24 ABR, 2025
Por Leticia Rial de RankiaPro

El sector inmobiliario cotizado se encuentra en el radar de muchos inversores institucionales. Pero, ¿sigue siendo una opción válida en un entorno marcado por tipos elevados, tensiones geopolíticas y cambio estructural en la demanda de espacios físicos?
Geoffrey Dybas, veterano del sector y responsable de la estrategia Global Real Estate de Nordea AM, responde con convicción: "vemos un entorno de mercado favorable en los próximos años para el sector inmobiliario cotizado, ofrece un atractivo potencial de rentabilidad total respaldado por desequilibrios favorables entre la oferta y la demanda a futuro, ya que la nueva oferta se está desacelerando considerablemente en la mayoría de los sectores".
En esta entrevista, Dybas analiza las dinámicas actuales del sector inmobiliario global, identifica los segmentos con fundamentos más sólidos y argumenta por qué los REITs ofrecen ventajas estructurales frente a la inversión directa.
De cara al futuro, vemos un entorno de mercado favorable en los próximos años para el sector inmobiliario cotizado. Este sector ofrece un atractivo potencial de rentabilidad total, respaldado por desequilibrios favorables entre la oferta y la demanda a futuro, ya que la nueva oferta se está desacelerando considerablemente en la mayoría de los sectores.
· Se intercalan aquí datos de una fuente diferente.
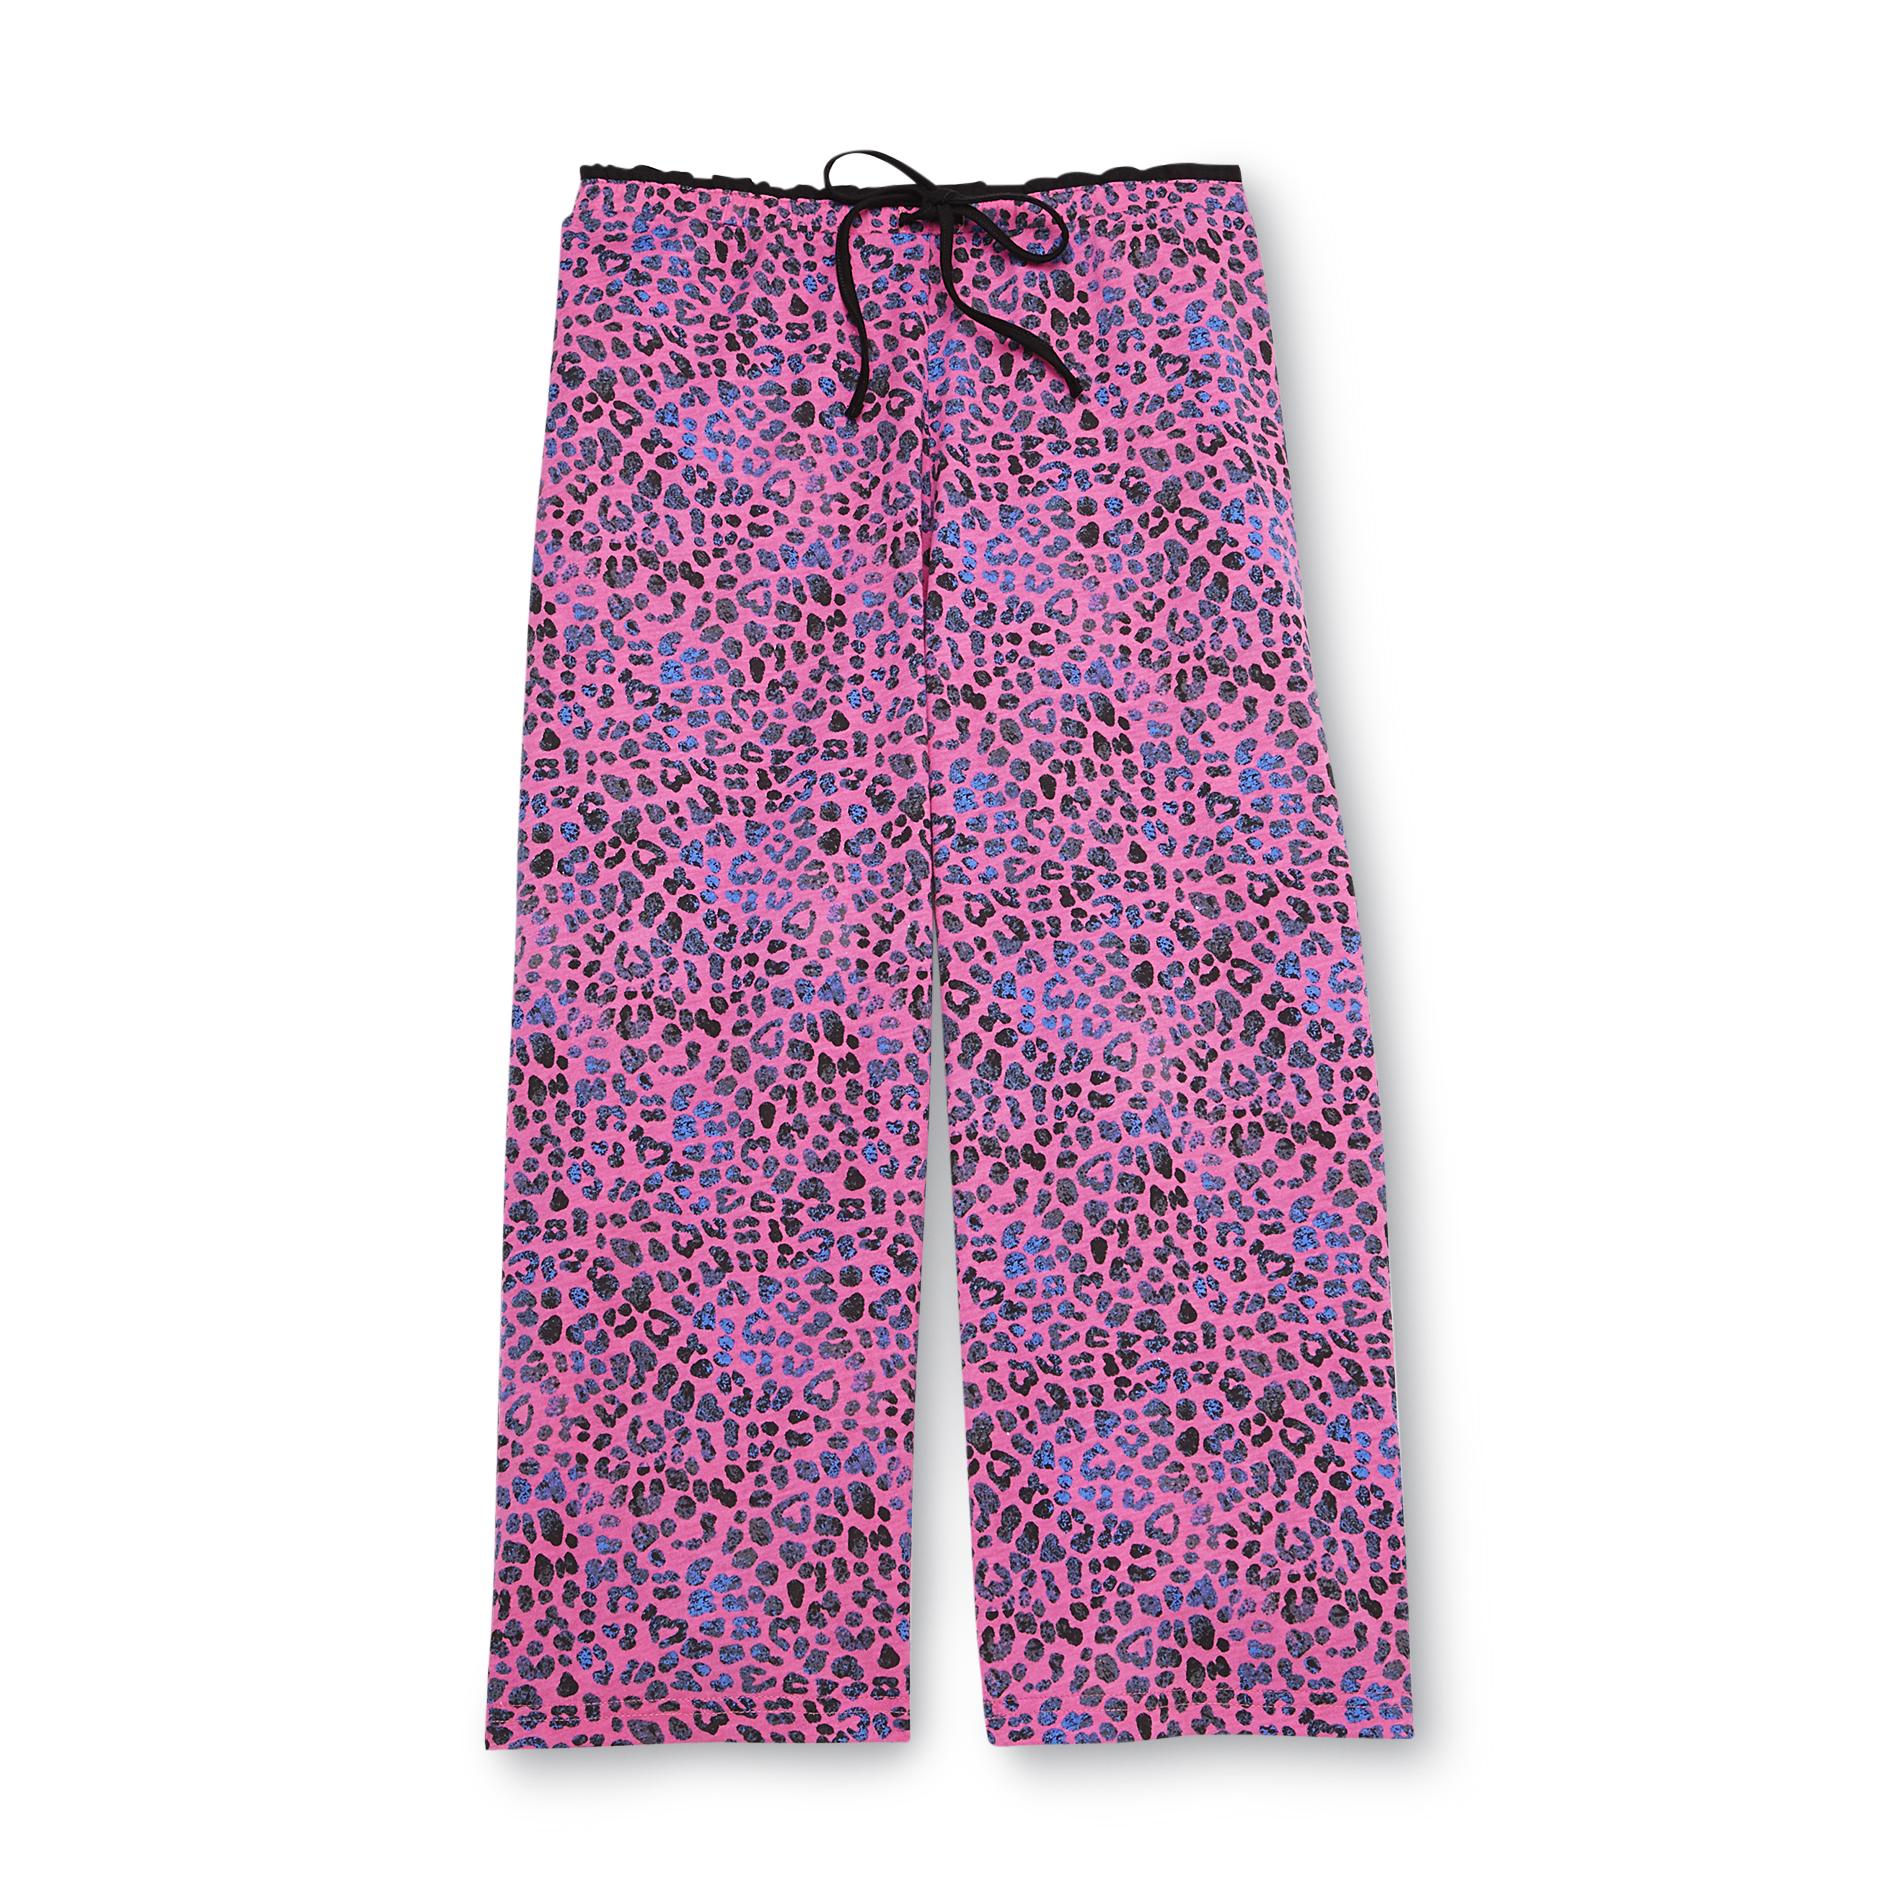 Joe Boxer Women's Knit Capri Lounge Pants - Leopard
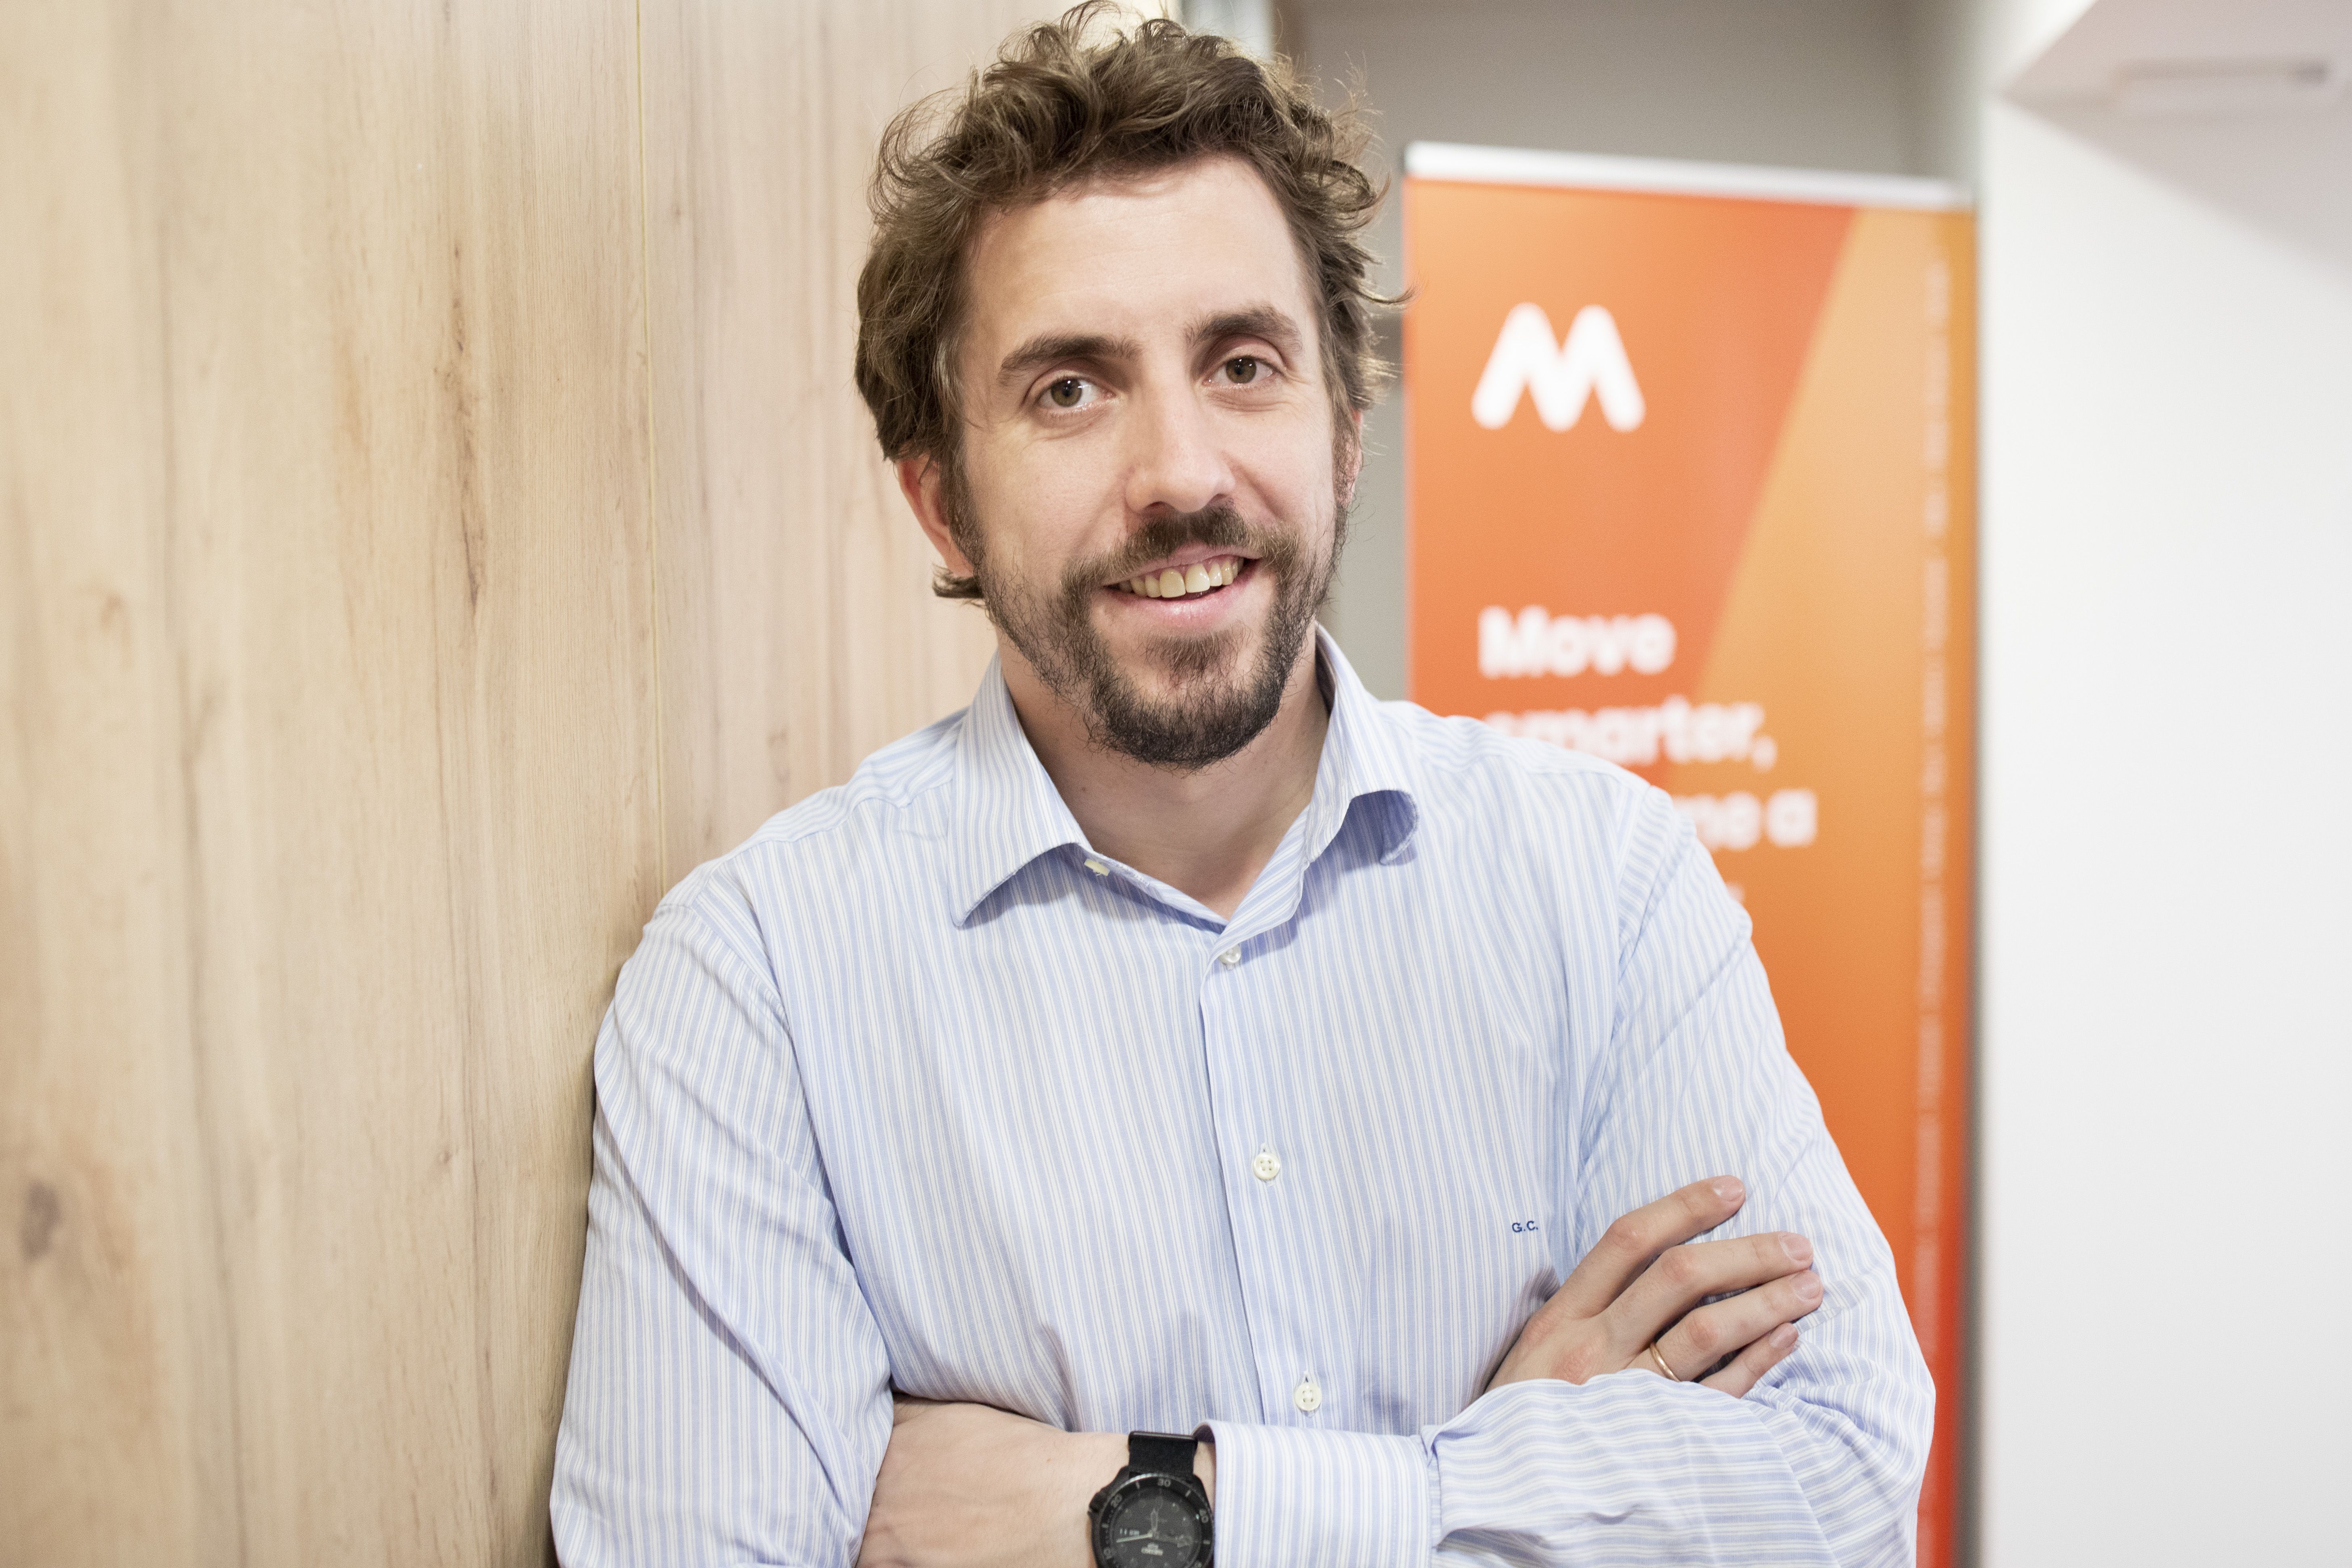 Hablamos con Guillermo Campoamor, CEO y fundador de Meep.

Nuestros pilares para la rentabilidad de los bienes inmuebles cotizados han sido consistentes a lo largo del tiempo y siguen siendo el rendimiento de los dividendos, el crecimiento del flujo de caja y el potencial de revalorización. Hoy en día, los bienes inmuebles cotizados ofrecen una rentabilidad por dividendo atractiva de alrededor del 4%, con un flujo de caja creciente y dividendos que, en nuestra opinión, se acelerarán a una tasa de crecimiento del 4-5% en 2025, además del potencial de revalorización. Esto podría generar una rentabilidad total en el rango del 8-10%. Comparativamente, creemos que el mercado de renta variable en general podría tener dificultades para ver una expansión en la valoración y el crecimiento de las ganancias podría ralentizarse, mientras que esperamos que el sector inmobiliario cotizado se acelere.
A largo plazo, en nuestra opinión, el papel tradicional de los bienes inmuebles cotizados en las carteras de los inversores volverá a cobrar relevancia, ofreciendo diversificación, ingresos atractivos, protección contra la inflación, revalorización de capital a largo plazo y liquidez.
En el entorno actual, creemos que aquellos sectores con perspectivas de fuerte crecimiento en los ingresos tienen mayores probabilidades de obtener mejores resultados, debido a su capacidad para incrementar los ingresos brutos a un ritmo más rápido que sus costes operativos y financieros, lo que impulsa el crecimiento del flujo de caja final. Las empresas que se ajustan a este perfil se encuentran en sectores inmobiliarios globales como el residencial, los centros de datos, salud y la industria.
Los REITs globales ofrecen una serie de beneficios estratégicos: liquidez, ingresos por dividendos atractivos y crecientes, protección contra la inflación y acceso al tercer mercado financiero más grande con una gestión especializada. Por lo tanto, creemos que los REITs globales contribuyen a diversificar las carteras, al mismo tiempo que aumentan el potencial de rentabilidad y estabilizan los rendimientos mediante un enfoque en los ingresos.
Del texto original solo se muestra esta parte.